:: Problem details ::
Output only the lines that run from the line holding "Madison - MTO" to the end of the entries, both ends included, and skip the pictures.

Record set below:

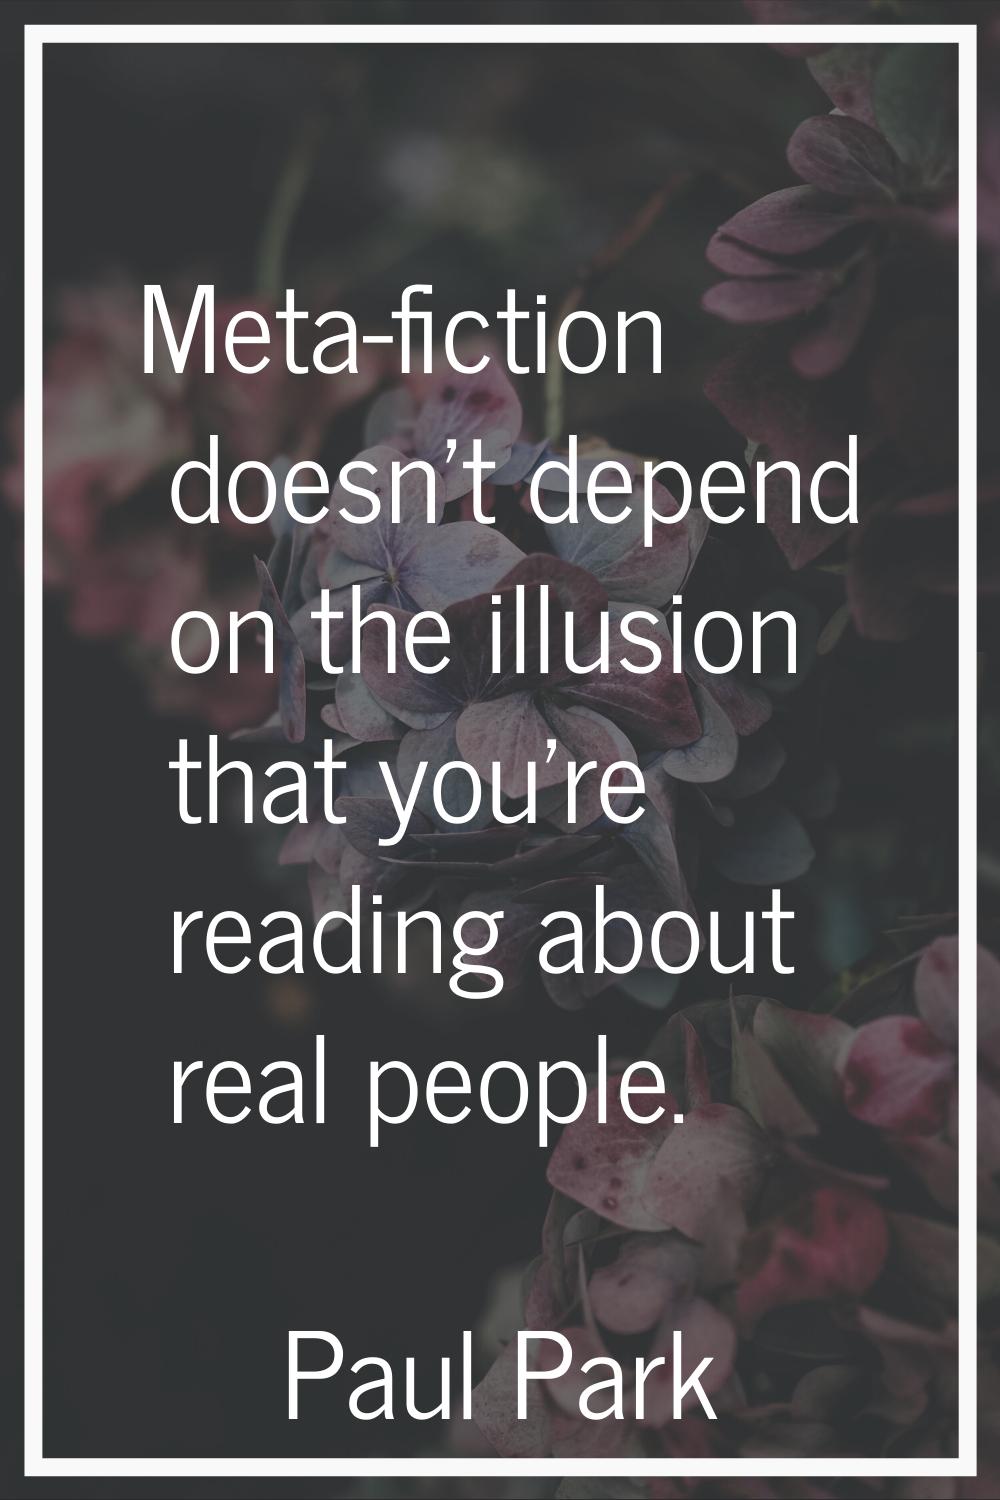 Meta-fiction doesn't depend on the illusion that you're reading about real people.
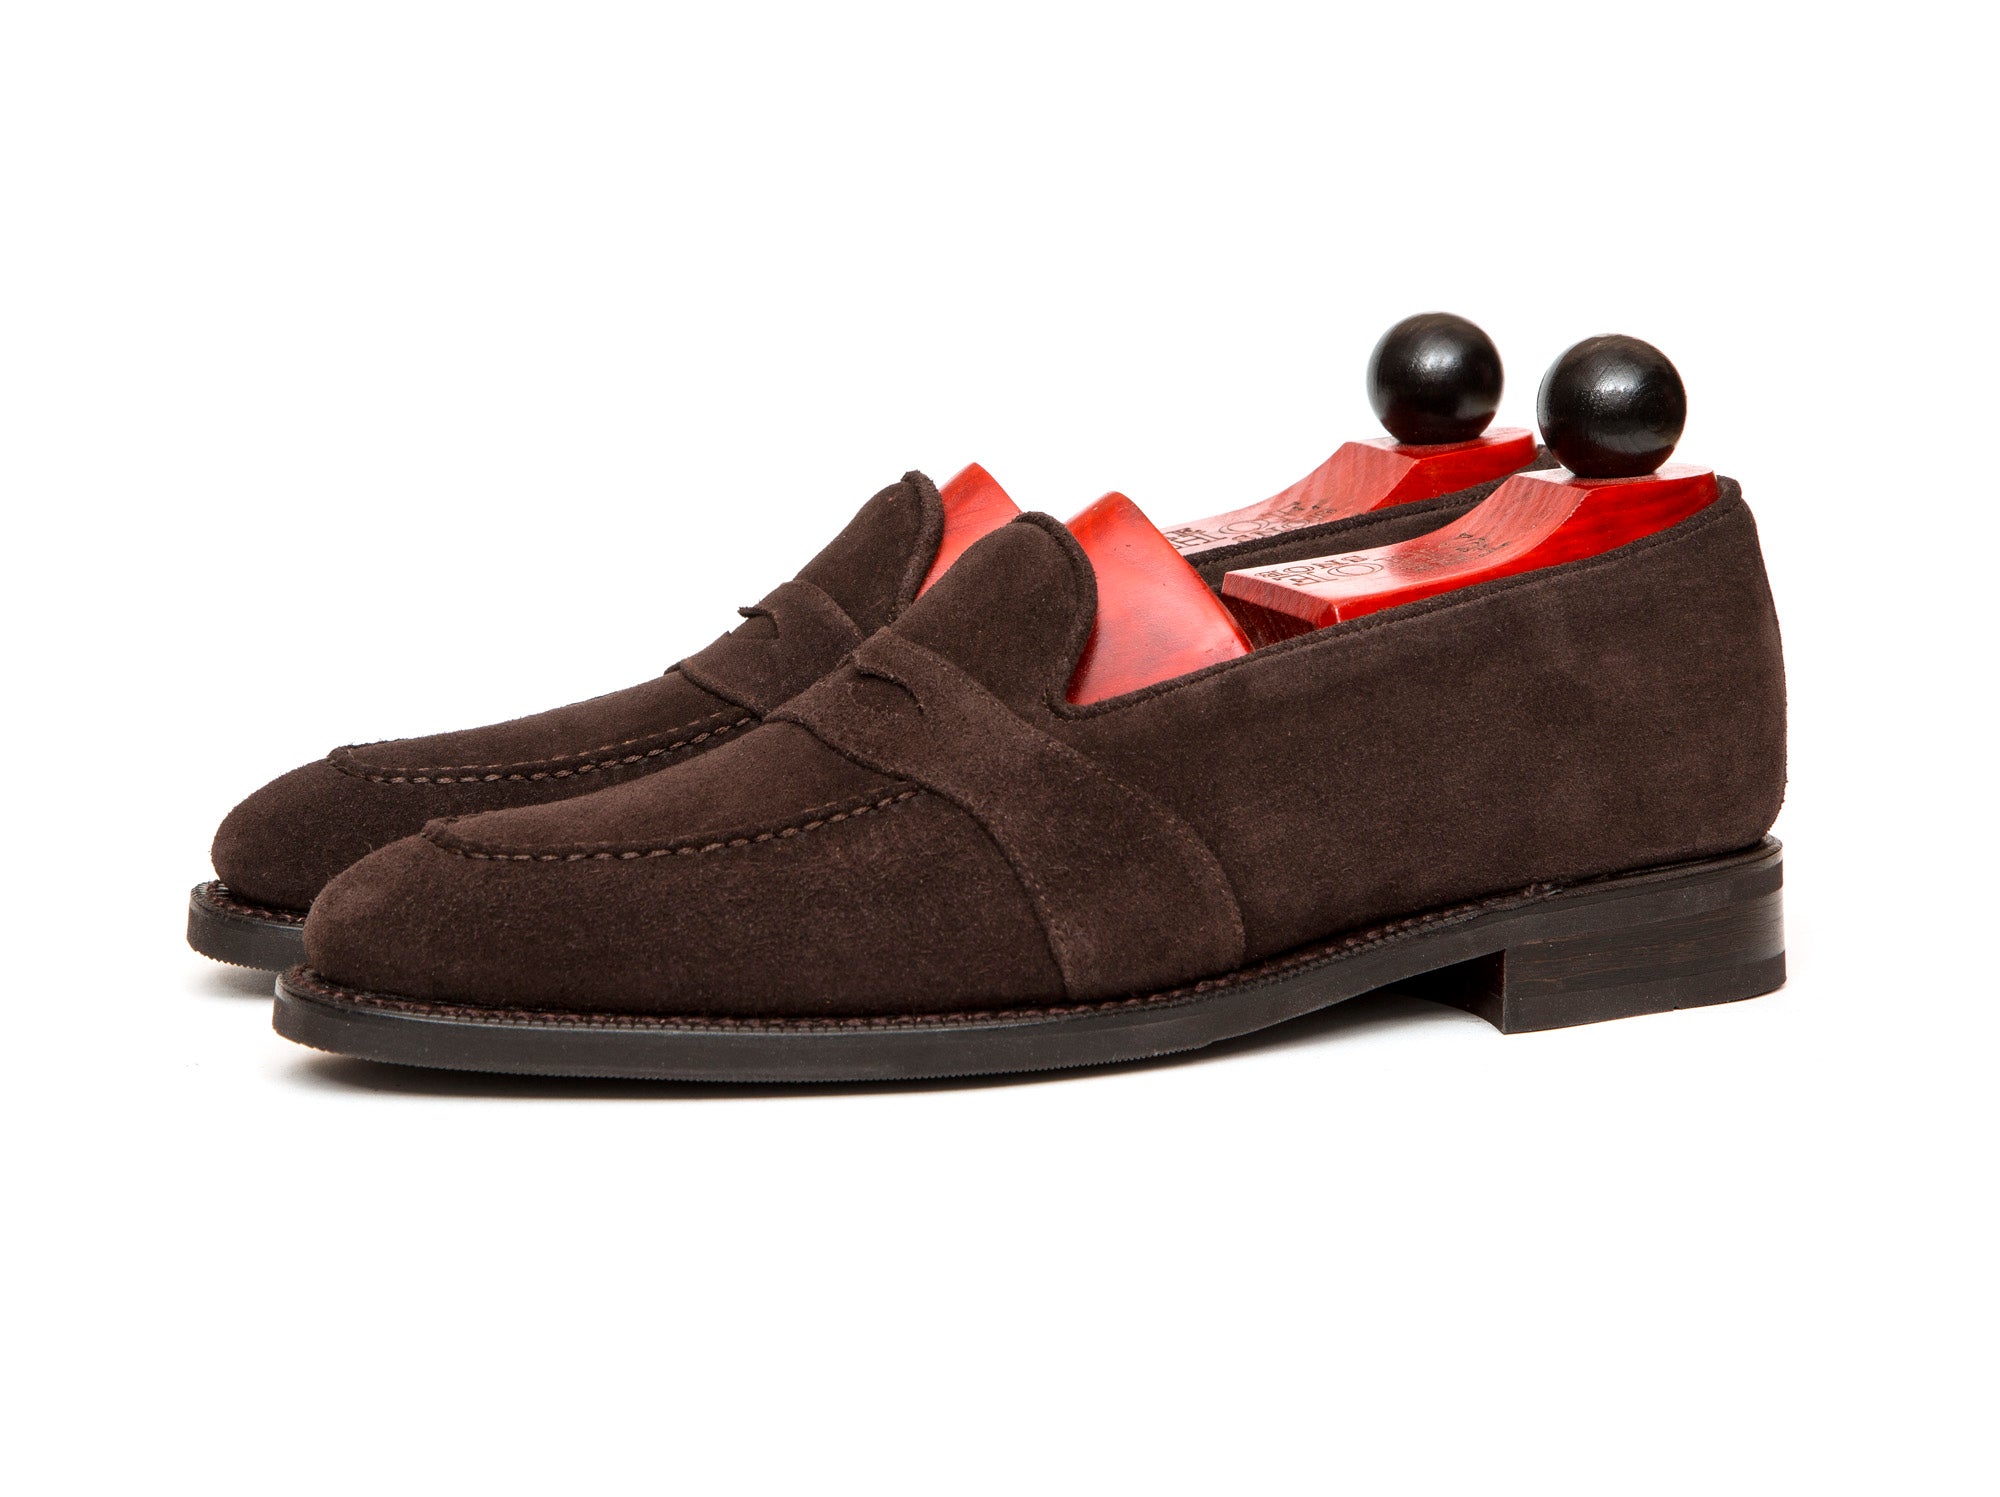 Madison - MTO - Bitter Chocolate Suede - LPB Last - City Rubber Sole
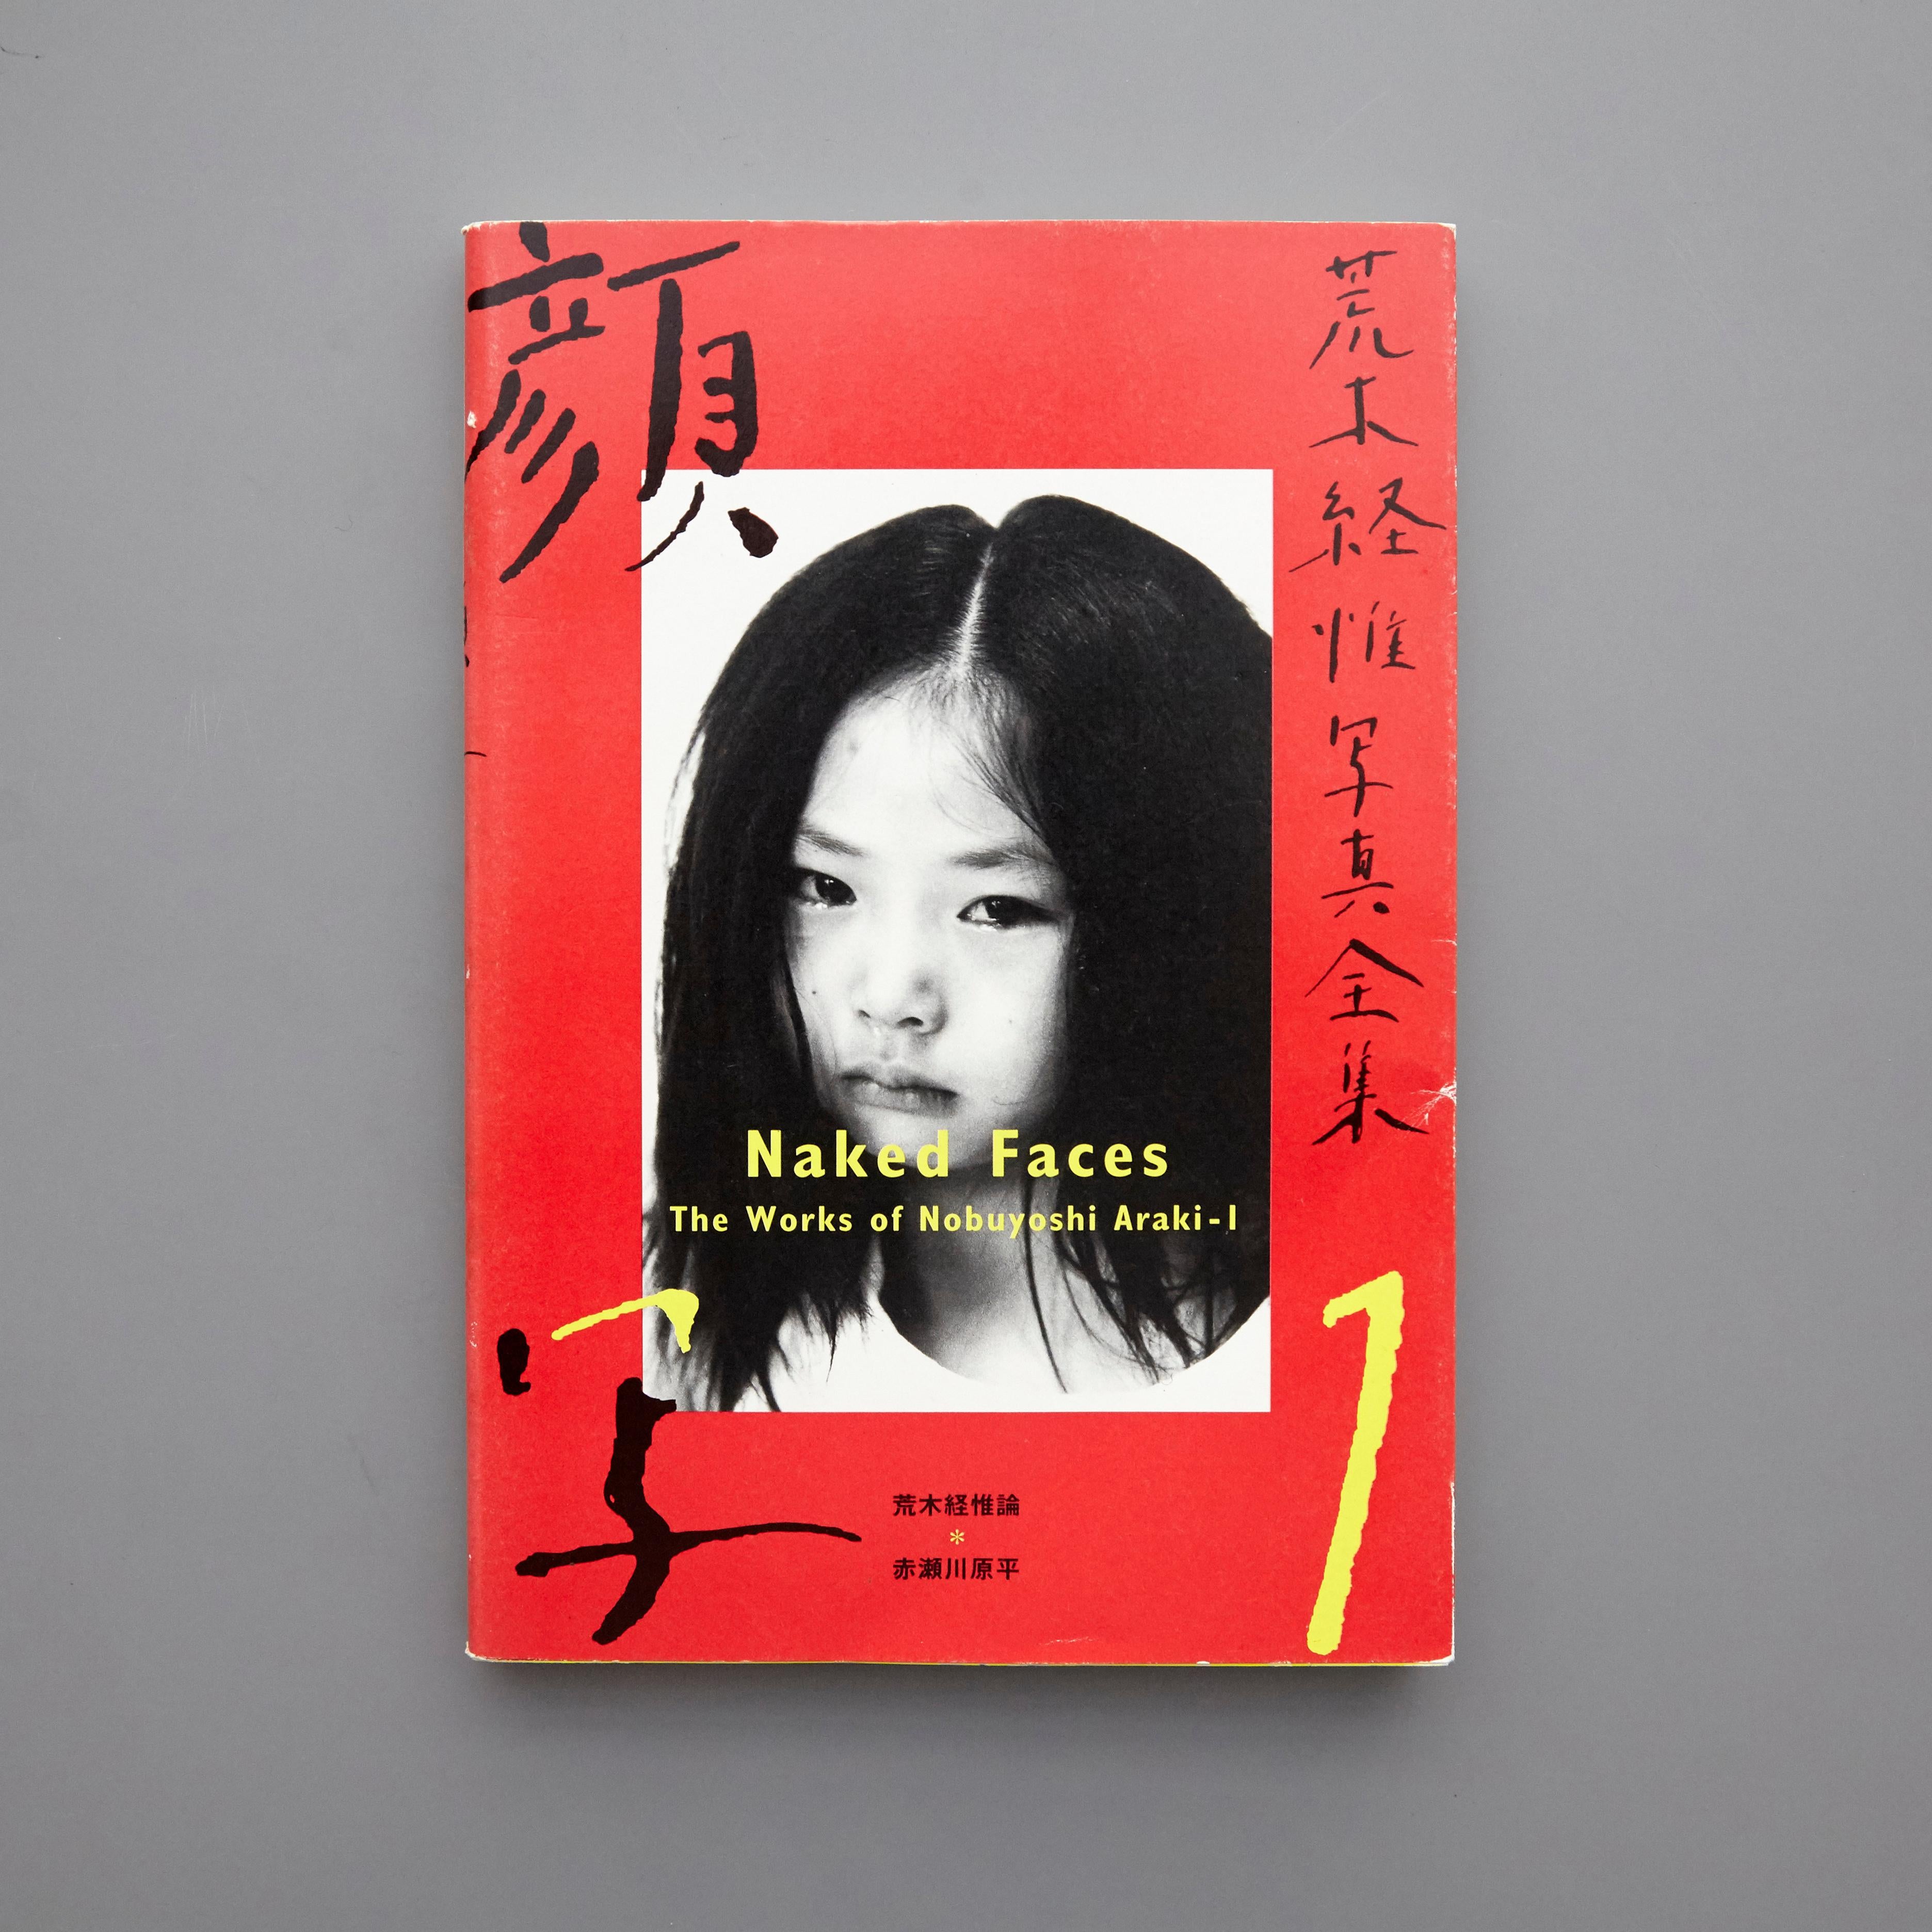 The works of Nobuyoshi Araki Book collection complete 1-20 published in Japan in 1996 by Heibonsha Limited, Publisher.

20 books complete collection Limited edition.

Nobuyoshi Araki born May 25, 1940) is a Japanese photographer and contemporary
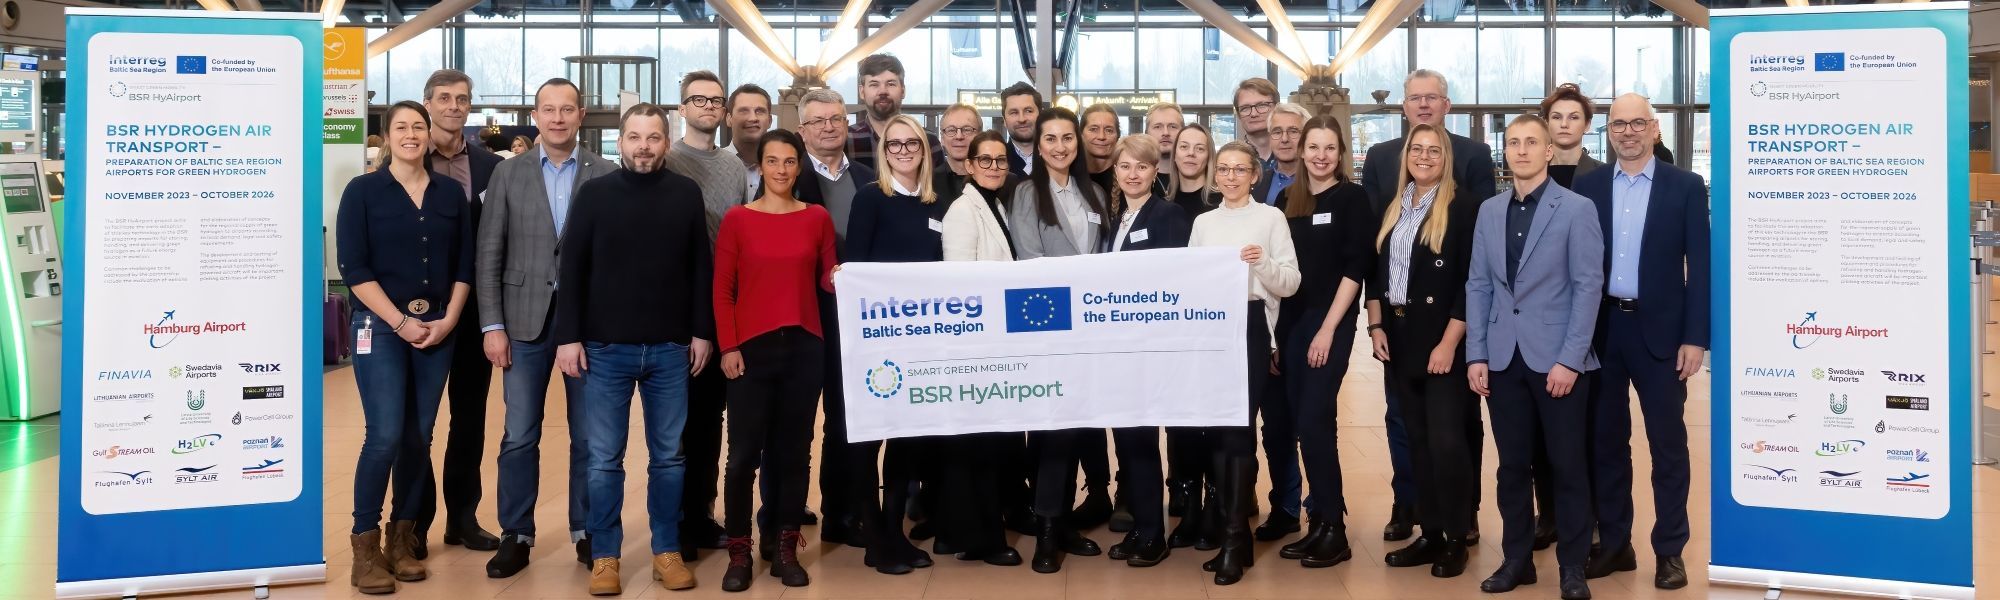 Project Development and Application for Interreg Project "BSR Hydrogen Air Transport"

End of Record set.

:: Answer to the exercise ::
 Madison - MTO - Bitter Chocolate Suede - LPB Last - City Rubber Sole
 The works of Nobuyoshi Araki Book collection complete 1-20 published in Japan in 1996 by Heibonsha Limited, Publisher.

20 books complete collection Limited edition.

Nobuyoshi Araki born May 25, 1940) is a Japanese photographer and contemporary
 Project Development and Application for Interreg Project "BSR Hydrogen Air Transport"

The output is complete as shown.